- CD Cover of Rehmat Ali
- Directed by: Partho Ghosh
- Produced by: Raj Behl Geeta Behl
- Starring: Mithun Chakraborty; Rituparna Sengupta;
- Cinematography: N Natarajan Subramaniam
- Music by: Bappi Lahiri
- Release date: 26 February 2010;
- Running time: 145 minutes
- Country: India
- Language: Bengali

= Rehmat Ali =

2010 Indian Bengali film

Rehmat Ali is a 2010 Indian Bengali-language action crime film directed by Partho Ghosh for producers Raj Behl and Geeta Behl, starring Mithun Chakraborty, Rituparna Sengupta and Roopa Ganguly. It marked the return of Chakraborty to the Bengali film industry after a long gap. It is a remake of Partho's 1997 Bollywood film Ghulam-E-Musthafa which itself was remade from 1996 Tamil film Musthaffaa.

== Cast ==
- Mithun Chakraborty
- Rituparna Sengupta
- Roopa Ganguly
- Biswajit Chakraborty
- Rajatava Dutta
- Biswanath
- Jayanta Dutta Burman
- Sanchita Nandi

==Songs==
Lyrics have been written by Lipi and Bijoy Bhakat.
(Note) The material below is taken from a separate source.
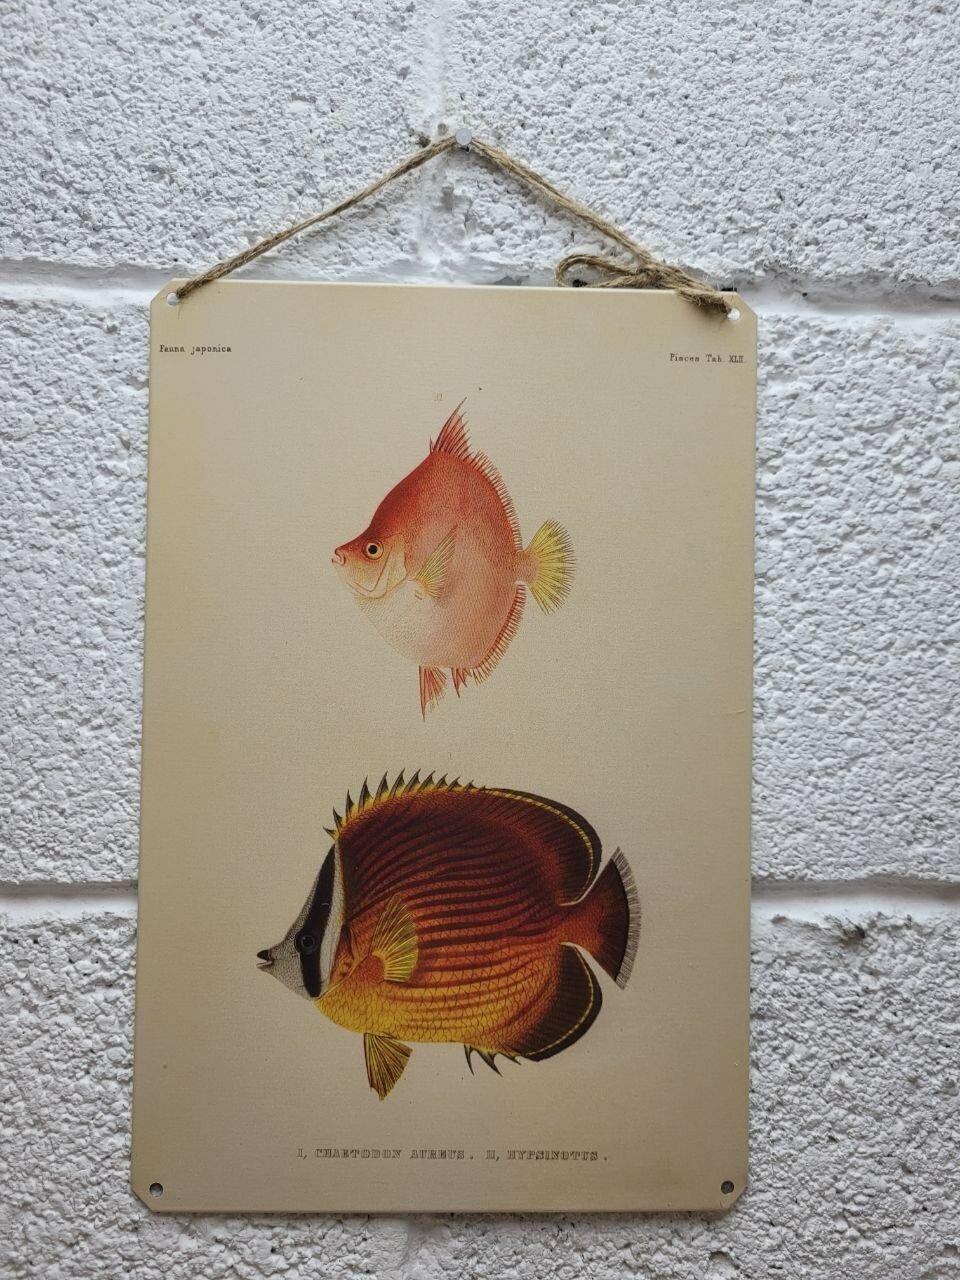 Трёхполосая рыба-бабочка постер 20 на 30 см, шнур-подвес в подарок

- "Sundori Sundori" – Shaan
- "Moja Dekhabo" – Bappi Lahiri
- "Saiyaan Bina Ghar Suna" – Sunidhi Chauhan
- "Tumi Amar Ami Tomar" – Shaan, Bappi Lahiri, Alka Yagnik
- "Joy Kali Joy Kali" – Sadhana Sargam, Chinton
- "Saiyaan Bina Ghar Suna (Remix)" – Madhushree

==Box office==
Rehmat Ali could not repeat the success of the original Tamil film and ended up as an average success at the box office.